The law of the land, wielding a carved wood gun:

Good-looking movie with a nothing-special ending. Played the commentary for a while – Robert Wise came up as editor, cut Kane and Ambersons, then while working for Val Lewton he started directing, and this was his first A picture. He’s either well-prepared or has a great memory.

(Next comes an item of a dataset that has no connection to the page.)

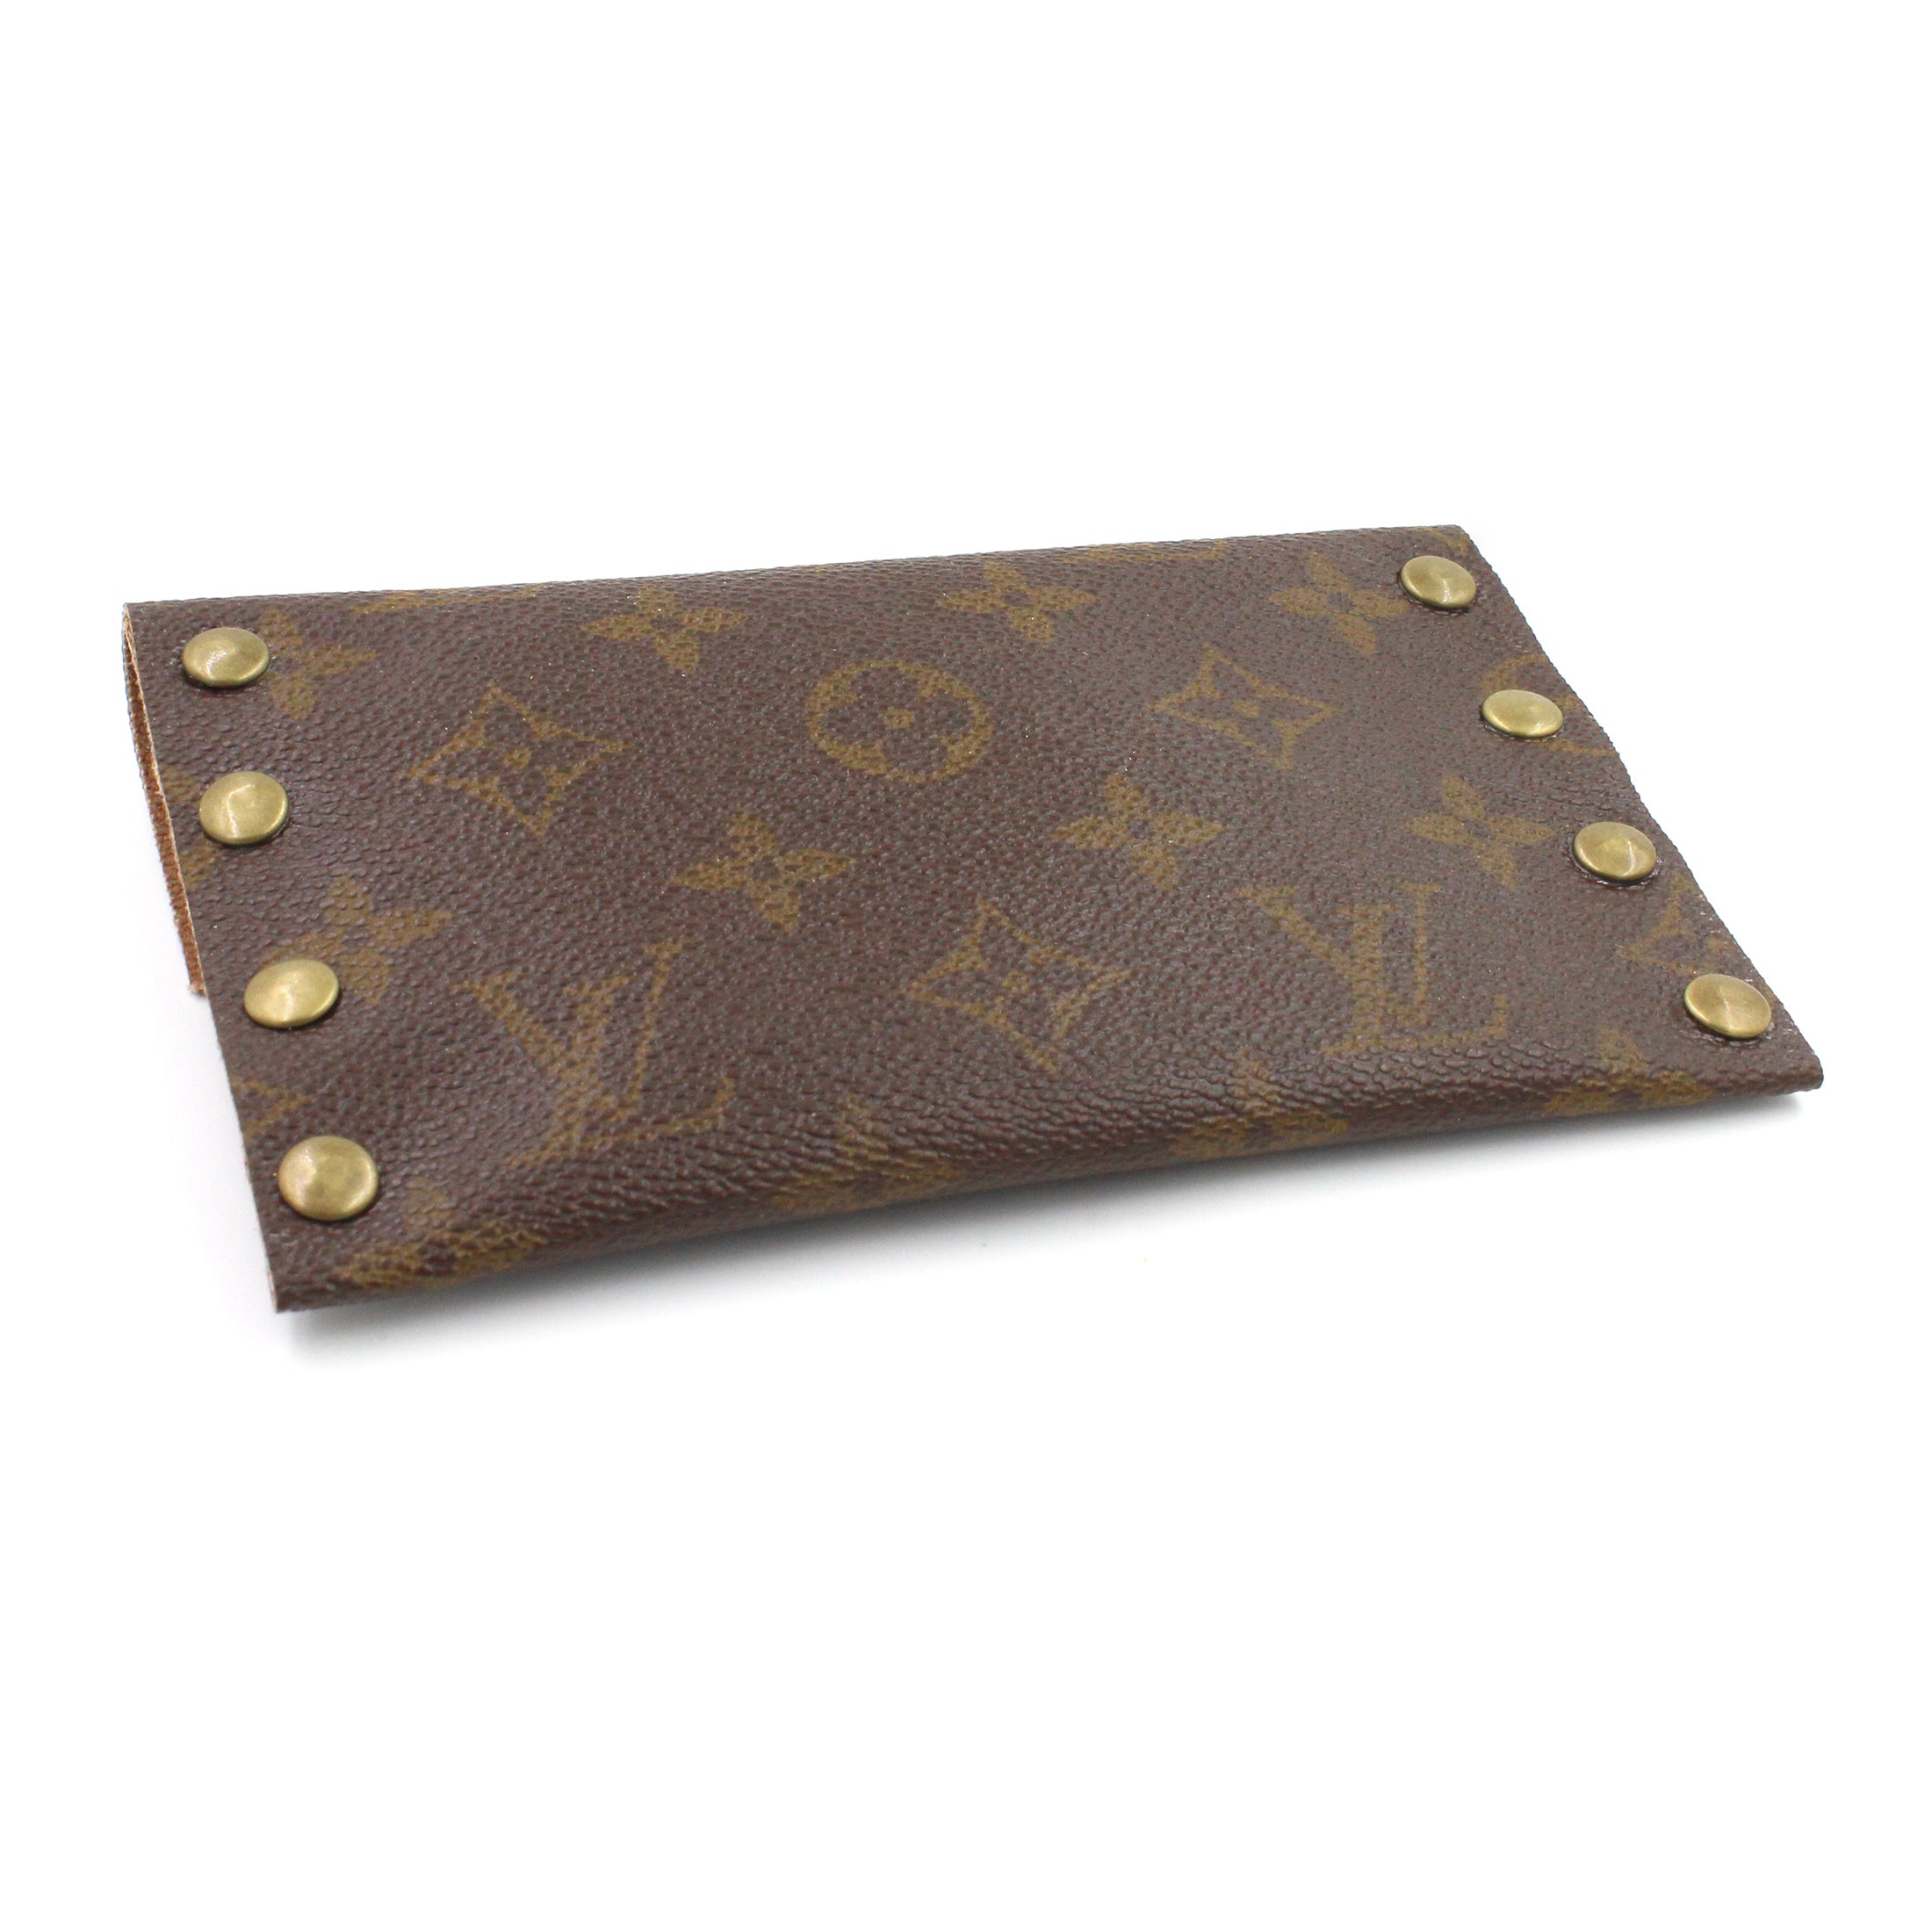 Repurposed Louis Vuitton Leather Wallet

Robert Mitchum is set up as an innocent wandering into a feuding town – his camp is wiped out by a cattle herd then he’s given a shitty welcome by a bunch of suspicious fucks led by Tom Tully. Mitchum is just passing through, so they let him drift, but really he’s a hired gun for old buddy Robert Preston (The Music Man himself). But Preston proves to be a villain, and Mitchum falls for Tully’s daughter Barbara Bel Geddes (Vertigo‘s Midge), while her own sister is helping the enemy, whose plot involves getting Tully’s cattle confiscated by the law and buying it back himself. When Walter Brennan’s son is killed, it’s not just a money game anymore, and Mitchum and Bel Geddes (rifleman lovers who met playfully shooting at each other) go out and get bloody revenge.

Wicked Preston and mixed-up kid Phyllis Thaxter:

Reading my notes after the fact, it’s hard to piece the plot back together – a lot happening in 80 minutes, but it all made perfect sense at the time. Lange was working for a smalltime publisher named Batala, a scam artist and rapist. Lange just wants to write silly westerns and see them published. His dreams are working out, his stories gaining popularity, the cute Valentine is in love with him, but when Batala’s interference tries to bring it all crashing down, Lange kills him and goes on the run. Good movie, and commie film critics give it extra points for showing the publishing workers taking over production.

Lange is plain-looking René Lefèvre of Le Million. Valentine is Florelle of Lang’s not-great version of Liliom. This movie is set at a hotel where these two are crashing while fleeing for the border after the murder, most of the action shown as flashbacks as Valentine tells the story to the locals so they won’t turn Lange in. Jules Berry, who plays the villain, later costarred in Le Jour Se Leve – another film written by Jacques Prévert in which Berry is murdered and we learn the full story as the killer is hiding out in the aftermath.

Opens with a William Blake quote,

features Gary Farmer… and solo guitar music (by William Tyler, not Neil Young)

and has in Cookie the most self-conscious man in the West since Depp in Dead Man.

Even the trappers lining up to eat homemade “oily cakes” recalls the Billy Bob & Iggy campfire scene.

Soooo I liked it very much.

Cookie and King Lu stay together to the end, neither one taking the money and running. We already knew their fate from the surprise Alia Shawkat opening scene, but it’s still a shock to see friendship trump greed in this sort of movie. Adam Nayman’s article in The Ringer is the one to beat.